I think fibers (or, rather, the Async library) in Ruby tends to be fetishized by junior Rails engineers who don't realize higher level thread coordination issues (connection pools, etc) equally apply to fibers. That said this could be a pretty good use case for fibers -- the code base I use every day has ~230 gems and if you can peel off the actual IO bound installation of all those into non-blocking calls, you would see a meaningful performance difference vs spinning up threads and context switching between them.

What I would do to really squeeze the rest out in pure ruby (bear in mind I’ve been away about a decade so there _might be_ new bits but nothing meaningful as far as I know): Use a cheaper to parse index format (the gists I wrote years ago cover this: https://gist.github.com/raggi/4957402) Use threads for the initial archive downloads (this is just io, and you want to reuse some caches like the index) Use a few forks for the unpacking and post install steps (because these have unpredictable concurrency behaviors)

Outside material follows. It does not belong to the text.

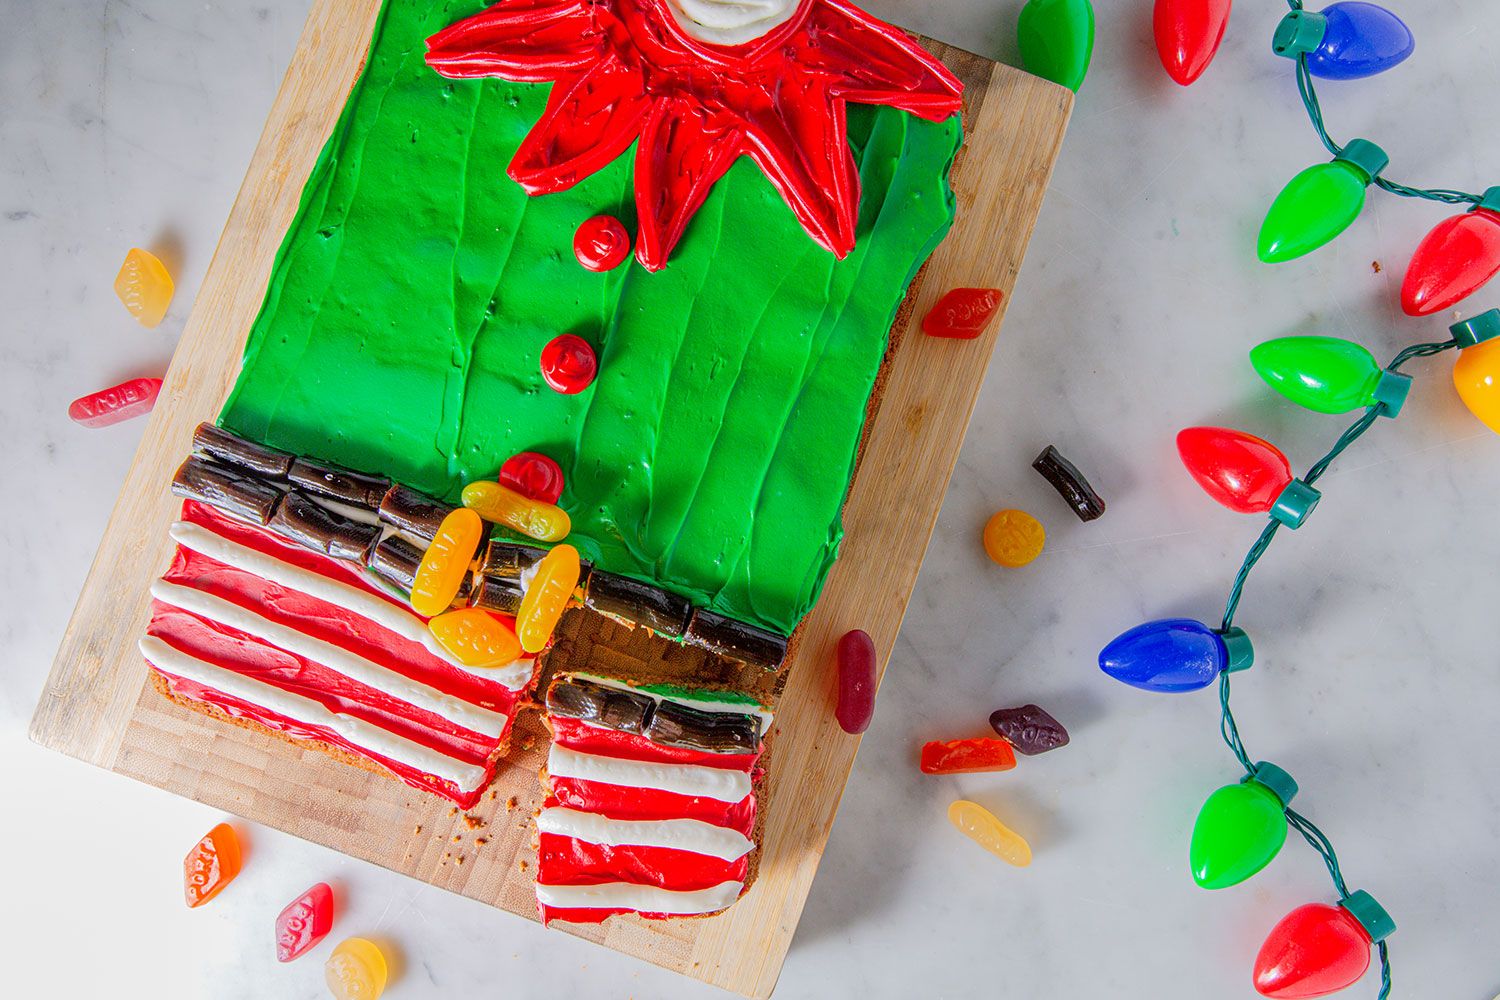 Mix and Match Christmas Cake Video Tutorial — Ennas' Cake Design
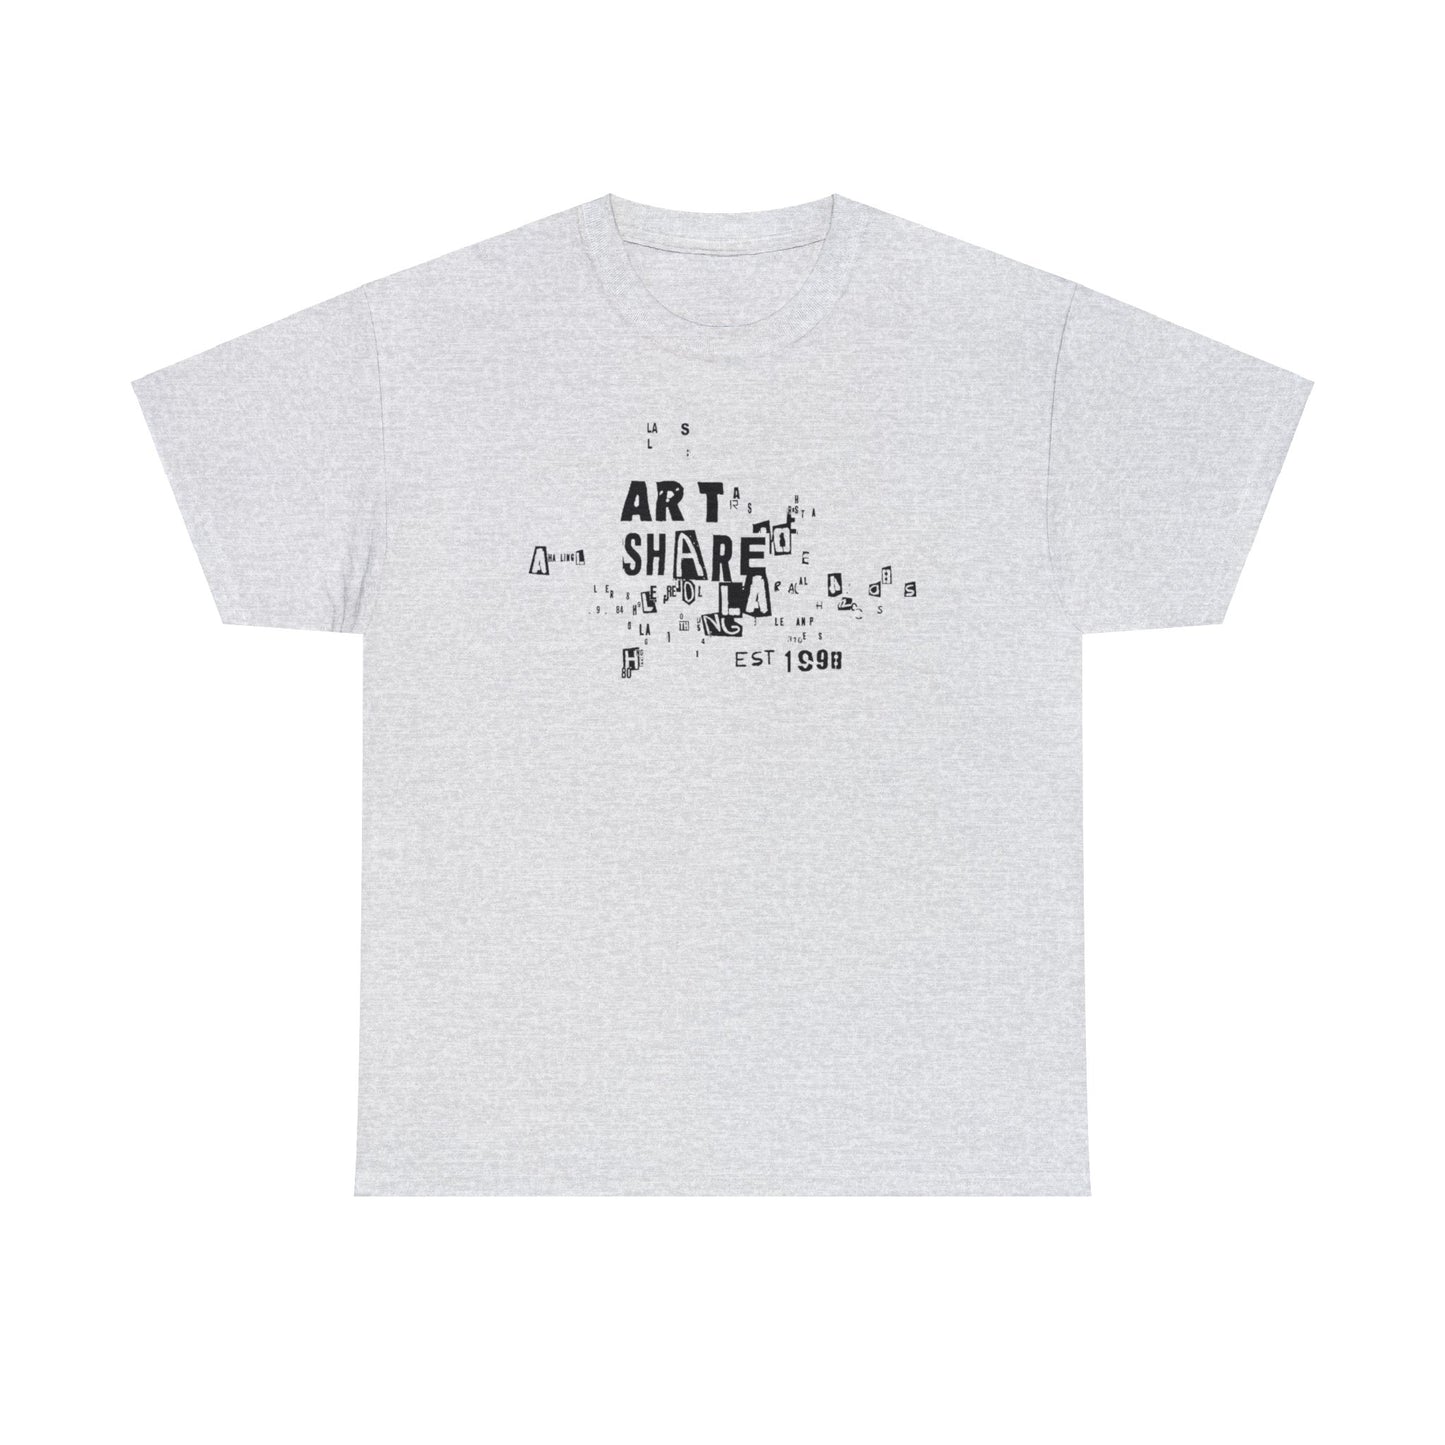 ART SHARE L.A. EST. 1998 T-Shirt

  • > there _might be_ new bits but nothing meaningful as far as I know

    If you didn't need backwards compatibility with older rubies you could use Ractors in lieu of forks and not have to IPC between the two and have cleaner communication channels. I can peg all the cores on my machine with a simple Ractor pool doing simple computation, which feels like a miracle as a Ruby old head. Bundler could get away with creating their own Ractor safe installer pool which would be cool as it'd be the first large scale use of Ractors that I know of.